The MQTT client we opted for is the Eclipse Paho project, which provides open-source client implementations of MQTT and MQTT-SN messaging protocols for multiple programming languages (Python included).
On the Raspberry Pi 3 the multiprocess execution of dlib causes a deadlock, so we had to force the execution of the dlib library on a single thread with the following workaround, which is already included in our setup script:
export OPENBLAS_NUM_THREADS=1 export OPENBLAS_MAIN_FREE=1
Flask is a microframework for Python based on Werkzeug and Jinja 2.
We use it to host the master board web server since it is an extensible framework which can be easily tailored for several purposes.
For the basic needs of the project, we only choose the Flask core module and some basic extensions which make our web server lightweight and fast.
To interact with Telegram’s APIs (over HTTP) in the bot subsystem we opted for a community made wrapper named python-telegram-bot.
The wrapper implements a wide range of functionalities from sending messages to conversation handling, while, preventing synchronization issues from appearing.

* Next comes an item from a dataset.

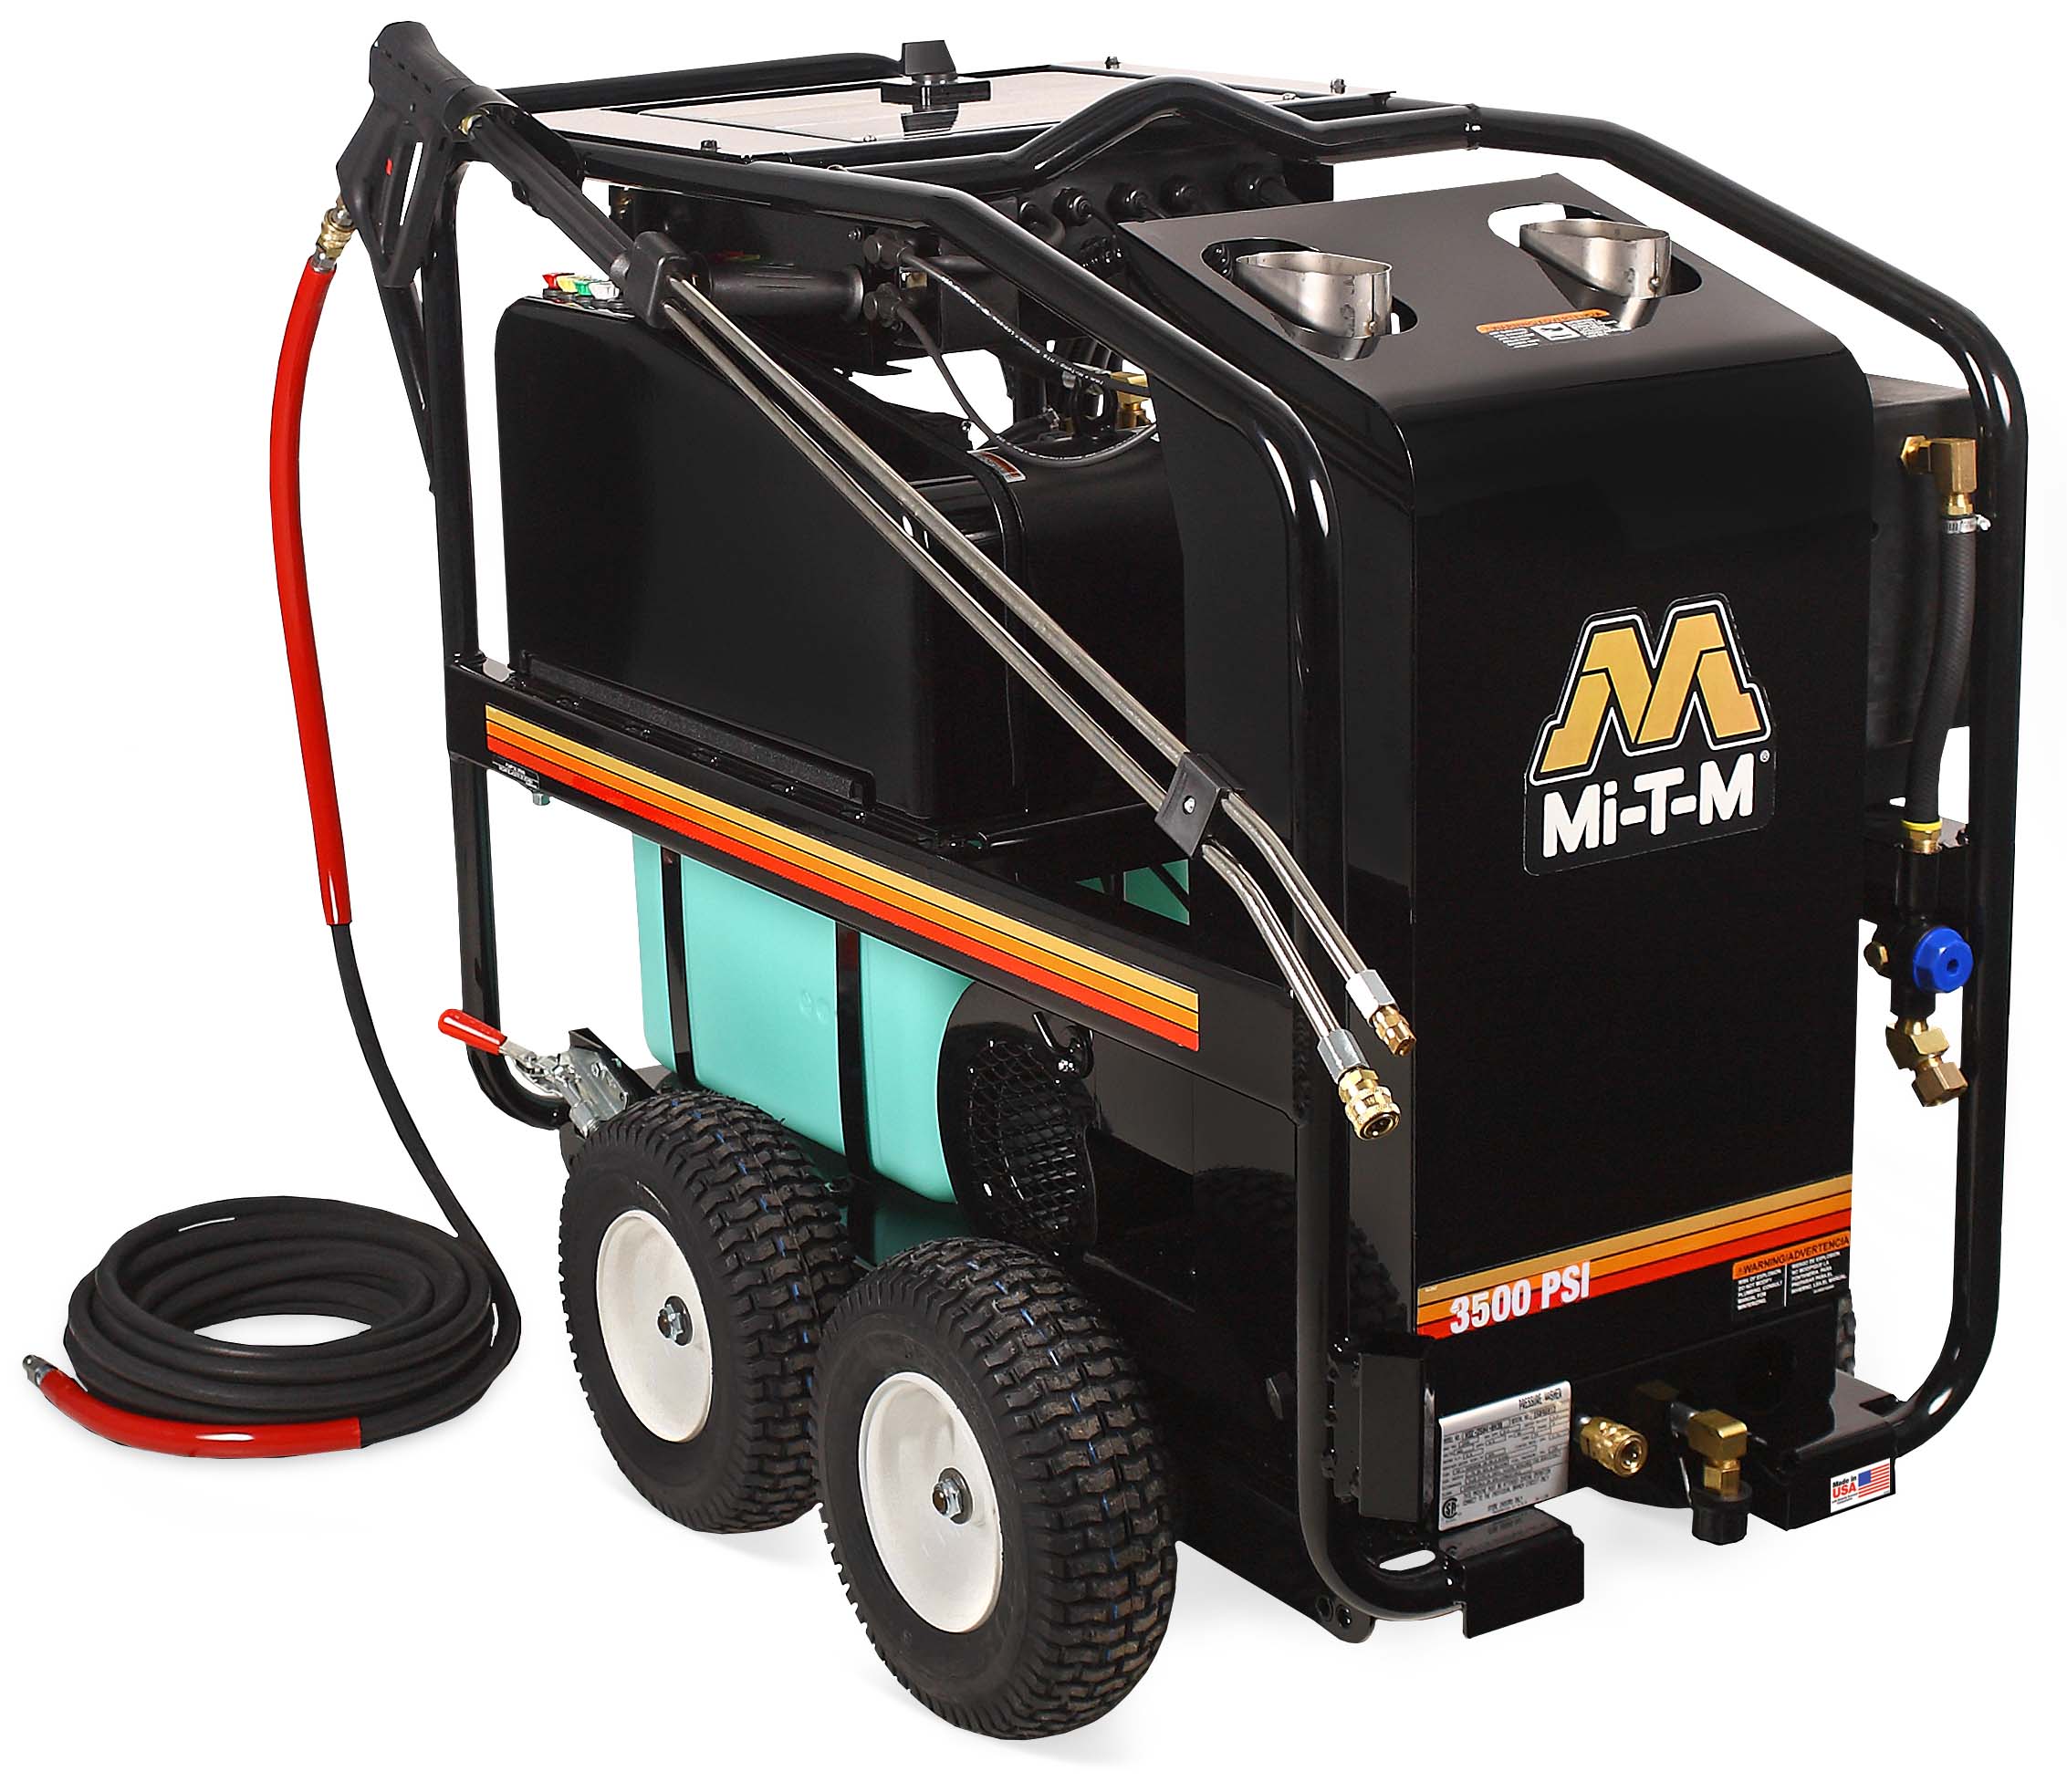 Hot Water Pressure Washers - Small Engine Solutions

It has a small memory footprint and low CPU utilization because it uses webhooks to prevent polling Telegram’s servers.
- Deploy the application:
Grab the code in the master_scripts and execute install.py to setup the master board.
It works either on a laptop with Ubuntu and on a Raspberry with Raspbian OS.The script will ask you for a telegram API key.
If you want to add one or more slaves, you can do it by using the code in slave_scripts. On Raspbian the services are also added to systemd and started at boot.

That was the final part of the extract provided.